To be fair, descending triangles like this after such a rampage are usually pretty damn bullish, but you also have to break out of them first. Part of me feels like it needs to decline all the way to $20k before the issue is forced and we finally get out of this narrowing band.
Normally I'd say this is a place were we could safely sell and then buy back in if we go above the line, but that strategy has proven time and time again that it doesn't work anymore. So many examples of whales purposefully coloring right outside the lines in that exact way to exploit that kind of behavior. I guess what I'm trying to say is that drawing support or resistance lines are even more flimsy than they used to be, and making a decision as soon as the line is crossed is now a very easy way to lose money.

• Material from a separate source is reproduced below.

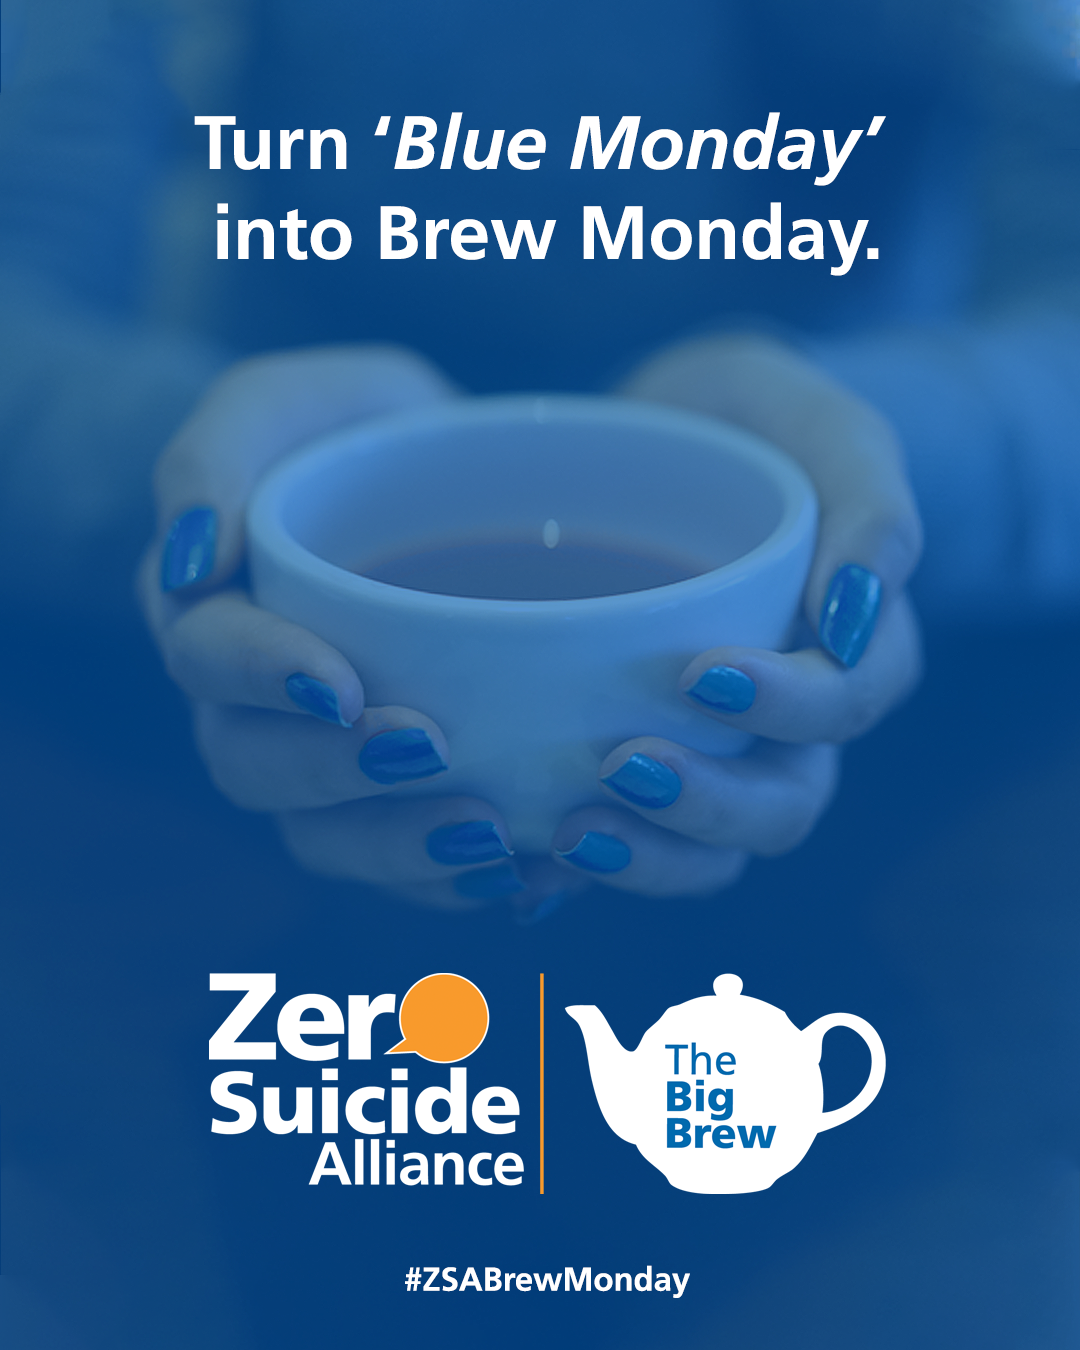 Make Blue Monday a Brew Monday

I still can't help thinking that the doubling trendline on the logarithmic scale is still sitting way up at $40k. If the legacy economy had already imploded by now I'd make the claim that reaching $50k by the end of the year was all but guaranteed. However, we are still in the middle of the FED raising rates and a possible deflationary snapback and an energy crisis and the housing market looking terrible and a bad job market and... yes, the list just goes on and on. Economy bad. Bad economy.
FOMC meeting is in a week... and like I said before, I think the increase in rates and all the other bad news has already been priced in. Still a good chance that the FED raises rates and the market just goes up like it did last time because it was already oversold from the FUD weeks prior. Will be interesting to see if that plays out again, especially if it pushes us above the resistance line.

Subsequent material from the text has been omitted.